Cerulli’s report also noted that, over the last decade, more insurance carriers have come online to support the expanded PRT market, jumping from 10 in the past to 21 today. The firm believes legacy players have a competitive advantage over newcomers due brand recognition, reputation, and ability to “handle complex plan designs” and “enhanced customer service capabilities.”

On Tuesday, one of those relatively new entrants announced sales growth that shows there is some wealth to go around. F&G Annuities & Life Inc. announced cumulative PRT sales of over $5 billion since it launched the service in June 2021. That channel now covers 100,000 total participants, including beneficiaries, who will get pension payouts from F&G, according to the institutional and retail insurance and annuity provider.

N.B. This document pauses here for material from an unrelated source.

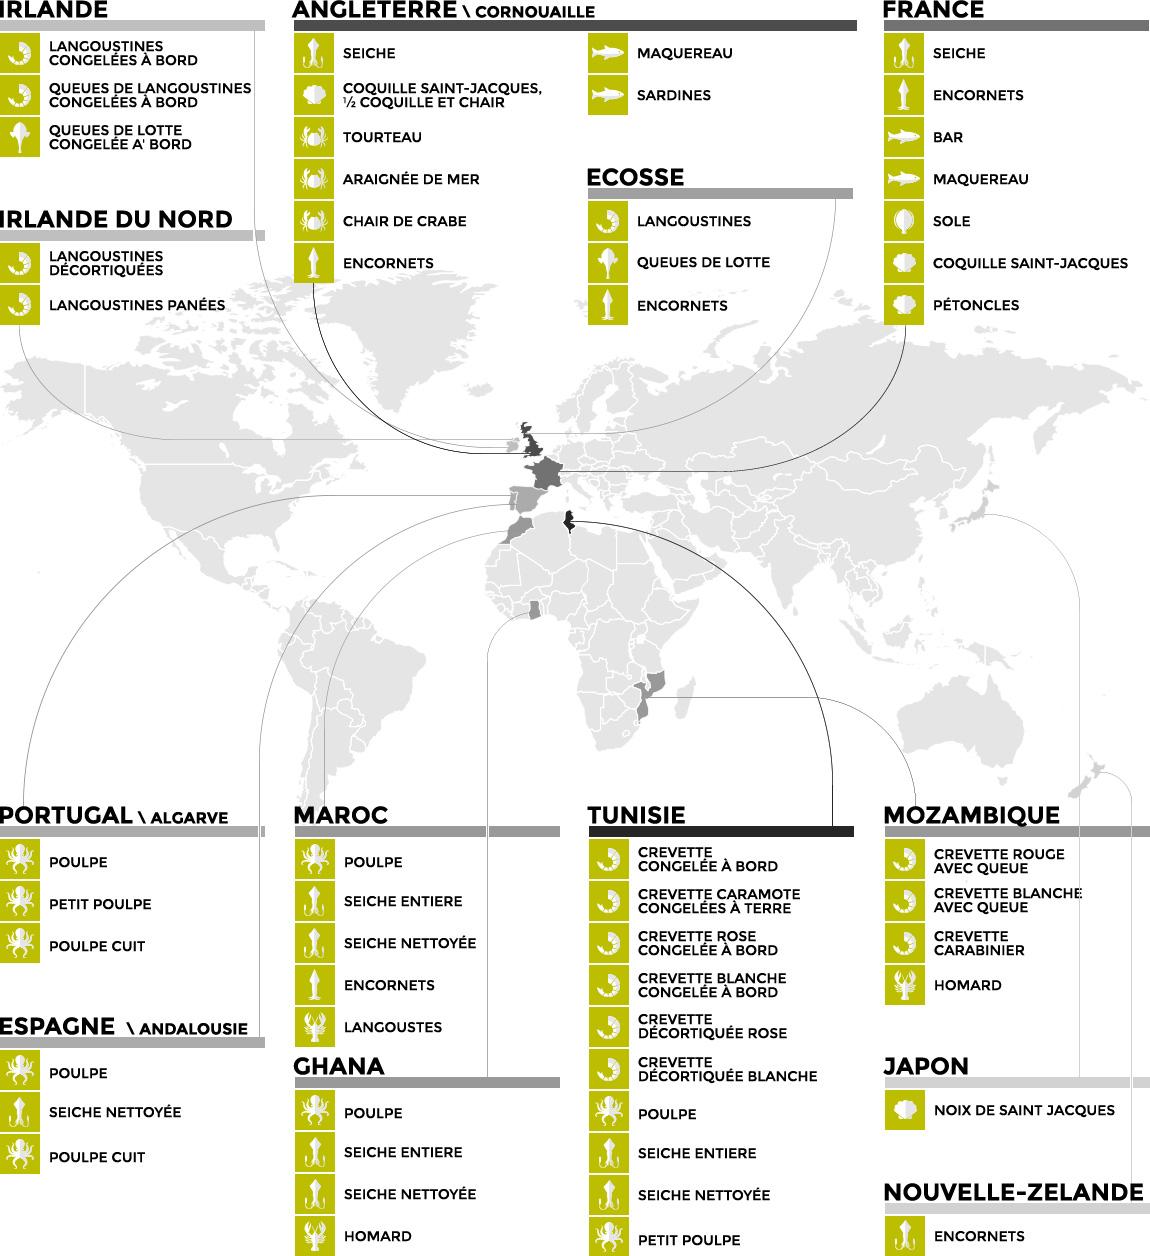 infografica_origine_FRA

“F&G has developed an efficient and effective approach to how we successfully design, execute and close pension risk transfer transactions alongside our consultant and plan sponsor clients,” Jay Dinunzio, senior vice president of PRT sales and operations at F&G, said in a statement. “Successful PRT transactions require strong intermediary relationship management, competitive product pricing and outstanding post-sale administration conversion execution.”

Risky Business

There are different flavors of PRT, with firms using lump-sum payments, annuity buyouts (transferring the assets to an insurance company) or buy-ins (a group annuity purchase) and longevity swaps. Clark sees most plan sponsors opting for lump sum cash outs or annuity buyouts and buy-ins—both for pension de-risking and full plan terminations.

Cerulli came to the same conclusion, noting that of the four main strategies, 43% of plan sponsors say they would use a combination of lump-sum payments and annuity buyouts in the case of plan termination.

Clark notes there are some headwind items that Agilis is watching in terms of PRT market trends.

One is a report to Congress from the Department of Labor analyzing Interpretive Bulletin 95-1, which outlines the process for pension plan fiduciaries to evaluate insurers when it comes to offering annuities. The report, which was due at the end of 2023, is being closely watched by the industry for changes to how it might impact the current approach to PRTs—with some insurance groups saying it may have a chilling effect on DB risk transfers.

Meanwhile, there have been a spate of lawsuits recently filed against companies that have implemented pension risk transfers via annuity buy-outs alleging a breach of fiduciary duty. The latest was filed April 12, with Schlichter Bogard LLP filing against Alcoa corp. regarding a pension risk transfer conducted with Athene Annuity & Life Co. between 2018 and 2022. Attorney Jerome Schlichter has filed similar suits against AT&T Inc. and Lockheed Martin in the past few months, both accusing Athene of being an “unsafe” insurer.

“Despite these concerns, pricing still looks favorable to plan sponsors and insurer appetite is strong,” Clark says. “With the growth in the market, we expect to see more insurers enter the pension risk transfer market which should increase competition, open up capacity, and drive attractive pricing.”

In addition, he notes, with annuity purchases booming due to higher interest rates, he says Agilis is also seeing interest from public sector pension plans, multiemployer pension plans, and church plans in de-risking, showing perhaps new entrants to the market.